歴史、民主主義、公民権の擁護に関する 全米日系人博物館理事会による声明


注記:JANMの展示施設は改修のため休館しています。JANMのそのほかの施設や館外の会場でプログラムは継続して参ります。詳細はjanm.org/OnTheGoをご覧ください。

全米日系人博物館(JANM)は、公民権と民主主義を擁護し、第二次世界大戦中に日系アメリカ人が経験した不当な扱いが他のいかなるグループに対しても二度と繰り返されることがないようにと、日系アメリカ人コミュニティーによって設立されました。当館は、記憶、真実、正義の場として存在しており、ここでは歴史はただ保存されるだけではなく、民主主義と人間の尊厳に対する現代の脅威に立ち向かうため積極的に活用されています。米国籍の出生地主義に対する攻撃、社会的に不利な立場に置かれているコミュニティーに対する職場における安全保障の取り消し、強制収容や国外追放を含む移民保護政策の縮小、敵性外国人法に基づいた行動の復活、多様性やその他のイニシアチブの組織的な解体などに見られる公民権の破壊を深く憂慮しています。こうした政策が人間性や尊厳を奪おうとし、より公正で公平な未来に向かって歩んできた私たちの国の歩みを逆行させようとしているのを前にして、沈黙を続けるわけにはいきません。

歴史、家族、ミッションを尊重します

JANMは、今まさに看過の危機に瀕している、家族や祖先そして歴史の苦闘から学んだ教訓を尊重し守っていくために設立されました。第二次世界大戦中の日系アメリカ人の強制収容につながった人種差別、外国人嫌悪、権威主義といった動きが、今、国家の安全保障、移民の取り締まり、多様性・公平性・包括性の否定といった皮をかぶって再び現れてきています。私たちは、この歴史を保存していく当館のミッション、コミュニティーや隔たりを越えてつながりを築き、アメリカという国があらゆる人々が健やかに生き繁栄していける国であり続けることを確かにするために、たゆまず力を注いでいきます。
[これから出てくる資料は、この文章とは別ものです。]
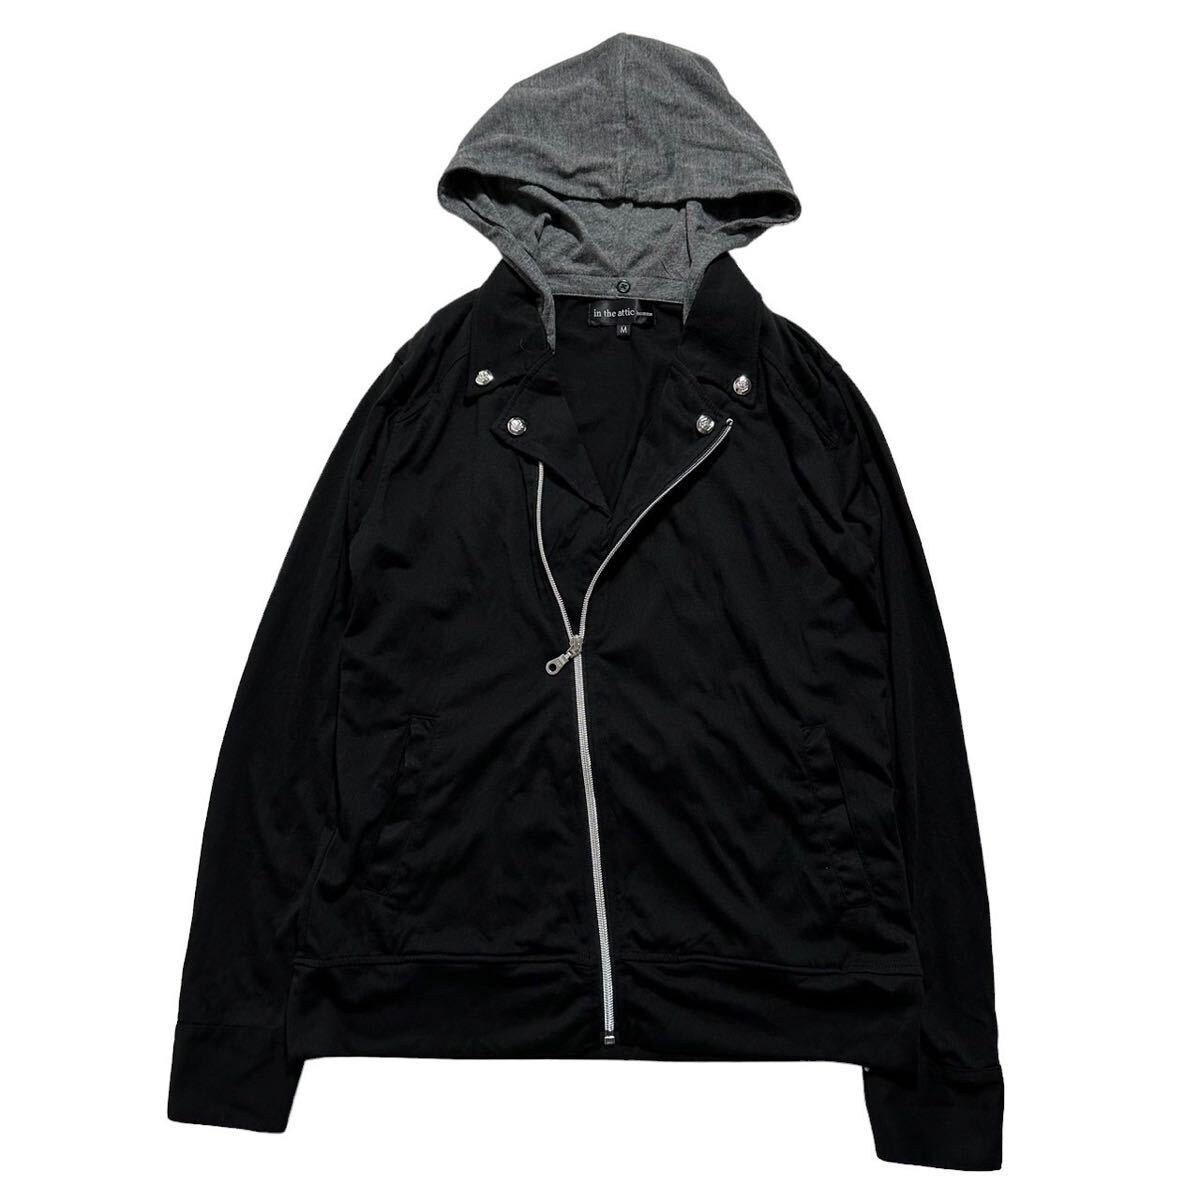 00s Japanese Label in the attic design hoodie jacket Y2K 14th addiction share spirit ifsixwasnine kmrii lgb goa GLAD NEWS civarizeの画像1
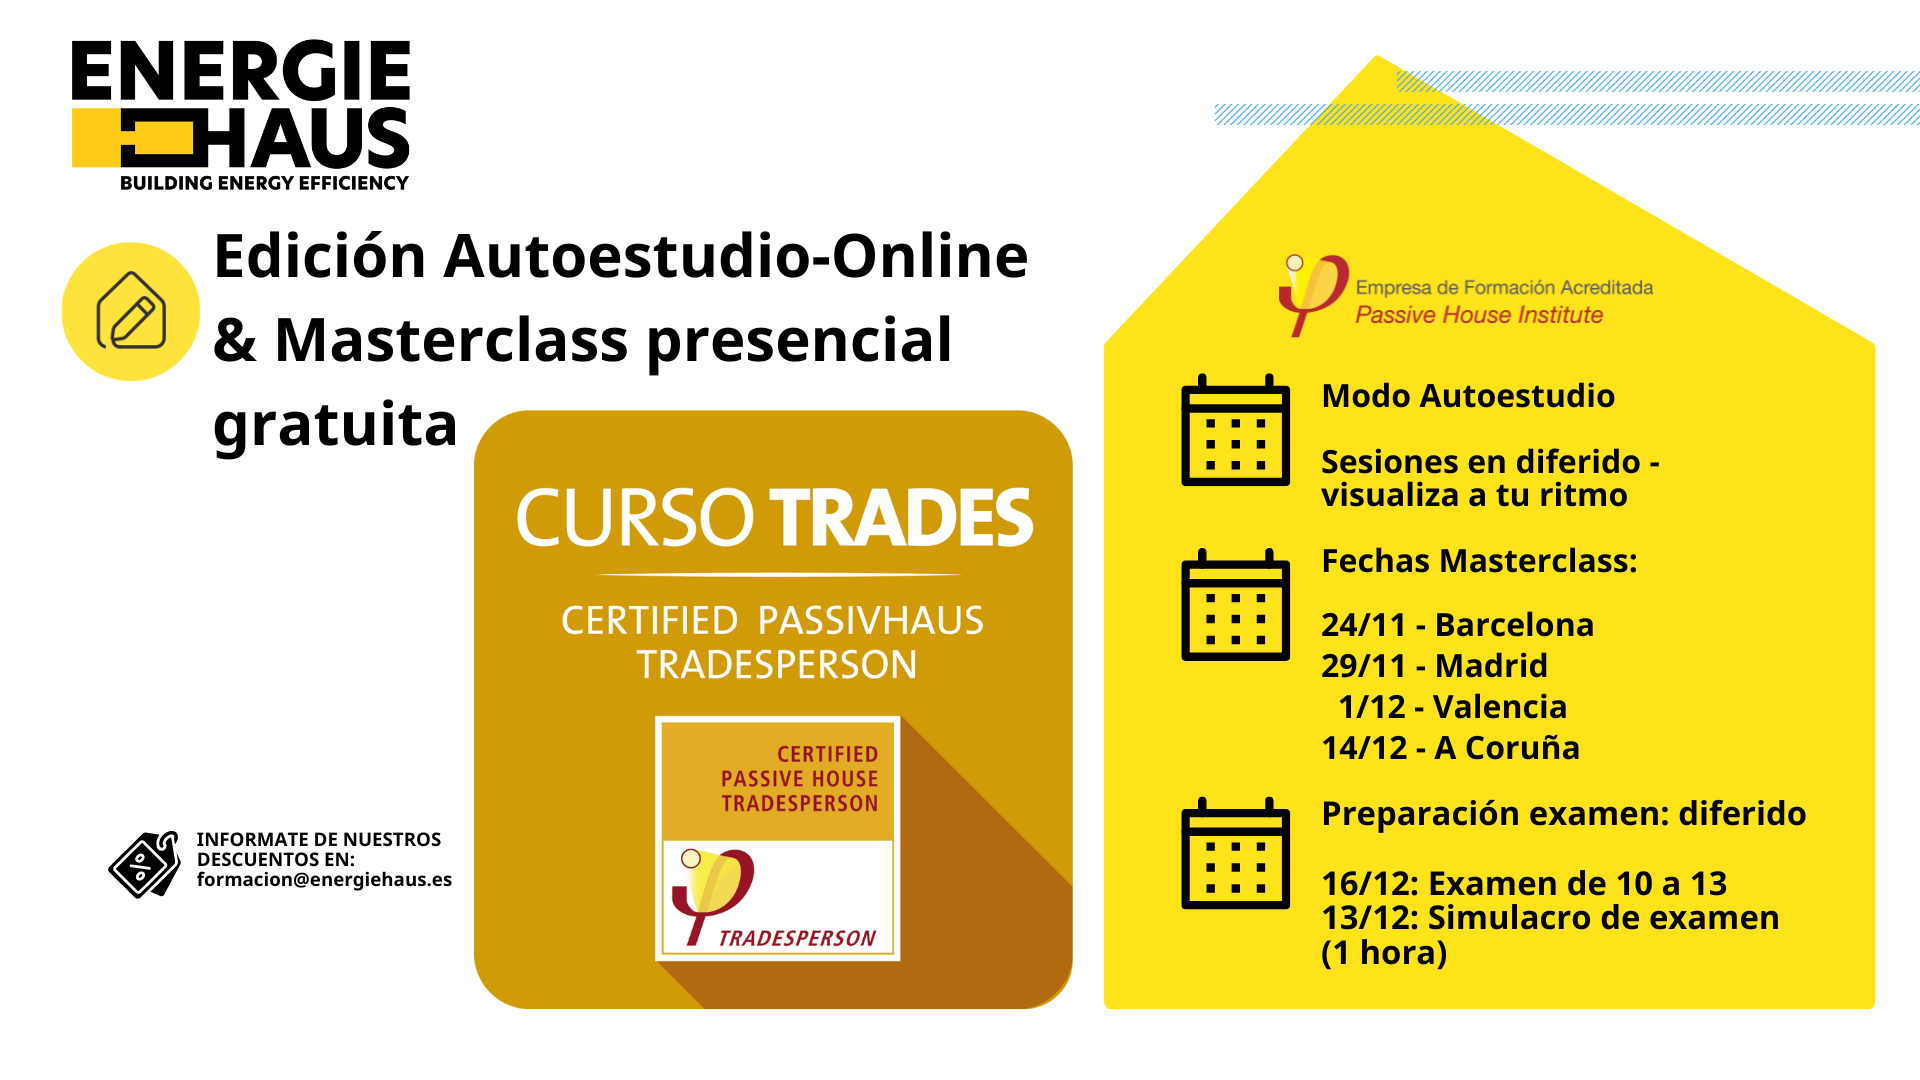 Tradesperson - Autoestudio-Online & Masterclass presencial gratuita (Barcelona; Madrid, Valencia, A Coruña)

語られることのなかった歴史を伝える場所として、当館は多様な声や見解を尊重しています。なぜなら、それらは大切なものなのです。たとえ現政権がそれらを消し去ろうとしても、当館は、追憶の日、黒人歴史月間、ヒスパニック・ヘリテージ月間、アジア系・太平洋諸島系アメリカ人ヘリテージ月間、ホロコースト犠牲者を想起する日、プライド月間、そしてアメリカ中のコミュニティーの貢献や苦闘、そして長い闘いを経て勝ち取ってきた、女性や歴史的に疎外されてきたコミュニティー、LGBTQ+の人々、障がい者に対する保障を認識するその他の重要な記念日を祝い続けていきます。

また日系アメリカ人コミュニティーが一枚岩ではないことも認識しています。日系アメリカ人は多様な人種、文化、世代にわたっており、ジェンダー、セクシュアリティー、宗教、才能の面でもさまざまなアイデンティティーを持っています。私たちはどのような形の差別に対しても立ち向かい続けます。JANMは、すべての人々が自分らしくいられる避難所となり安全な空間であり続けることを約束します。

強制収容と国外追放に反対します

2025年1月29日付の大統領覚書で、グァンタナモ湾に3万人の移民を収容できる移民強制収容所の建設が指示されたことについて、JANMは強く抗議します。国家の安全保障を理由に大規模な強制収容を正当化する主張は、大統領令9066号により12万5000人以上の日系アメリカ人(私たちの親や祖父母、そして親戚)が強制立ち退きと強制収容を余儀なくされたのと同じ論理を繰り返すものです。家族が引き裂かれ、生活が破壊され、何世代にもわたってコミュニティーはトラウマに苦しんできました。そのような行動がもたらす壊滅的な結果を私たちは身をもって理解しています。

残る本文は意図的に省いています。